With Rafay GPU PaaS and Project Slinky:

  • Each researcher or lab is provided with their own namespace and self-service Slurm environment.
  • Users can request GPU or CPU resources dynamically, based on their research needs.
  • Quotas and limits ensure fair usage and cost control across departments.
  • The university’s central IT team manages one underlying Kubernetes cluster, simplifying upgrades, monitoring, and security.
  • Researchers get faster access to compute, which accelerates innovation and publication timelines.

This setup empowers researchers with flexible, performant infrastructure—without requiring HPC expertise or operations overhead.


Key Benefits

🎛️ Self-Service, Developer-Friendly

Researchers and ML teams can launch their own GPU-accelerated Slurm clusters in minutes.
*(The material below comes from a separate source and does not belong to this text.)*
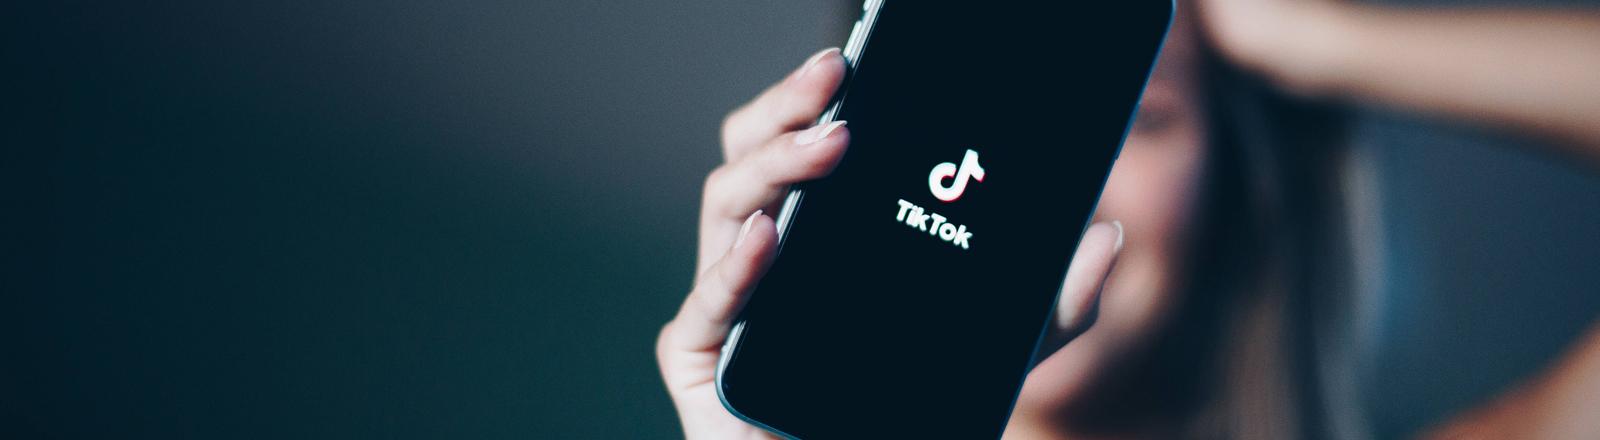 Frau hält ein Handy mit der TikTok-App.

No manual provisioning, no tickets—just an on-demand experience that accelerates time-to-compute.

🧩 Multi-Tenancy with Security and Compliance

Namespaces, policies, and RBAC enforcement ensure strong isolation. Rafay’s governance features make it easy to meet compliance needs in regulated environments.

🚀 Performance and Flexibility

With Rafay GPU PaaS, workloads get access to the right GPU resources—whether for training, inference, or scientific simulations. Rafay supports multi-GPU nodes, node affinity, and dynamic quota management.

📦 Operational Simplicity at Scale

Rafay abstracts the complexities of managing Kubernetes and GPUs, handling cluster lifecycle, upgrades, autoscaling, and observability out of the box.


Conclusion

By combining the power of Slurm with the flexibility of Kubernetes and the manageability of Rafay GPU PaaS, organizations and cloud providers can now deliver HPC-grade, GPU-accelerated Slurm clusters as a service.

Whether you’re a university supporting hundreds of researchers, a cloud provider delivering managed AI compute, or an enterprise enabling data science teams, Rafay and Slinky make HPC modernization simple, secure, and scalable.

It’s cloud-native. It’s multi-tenant. It’s self-service. And it’s finally possible.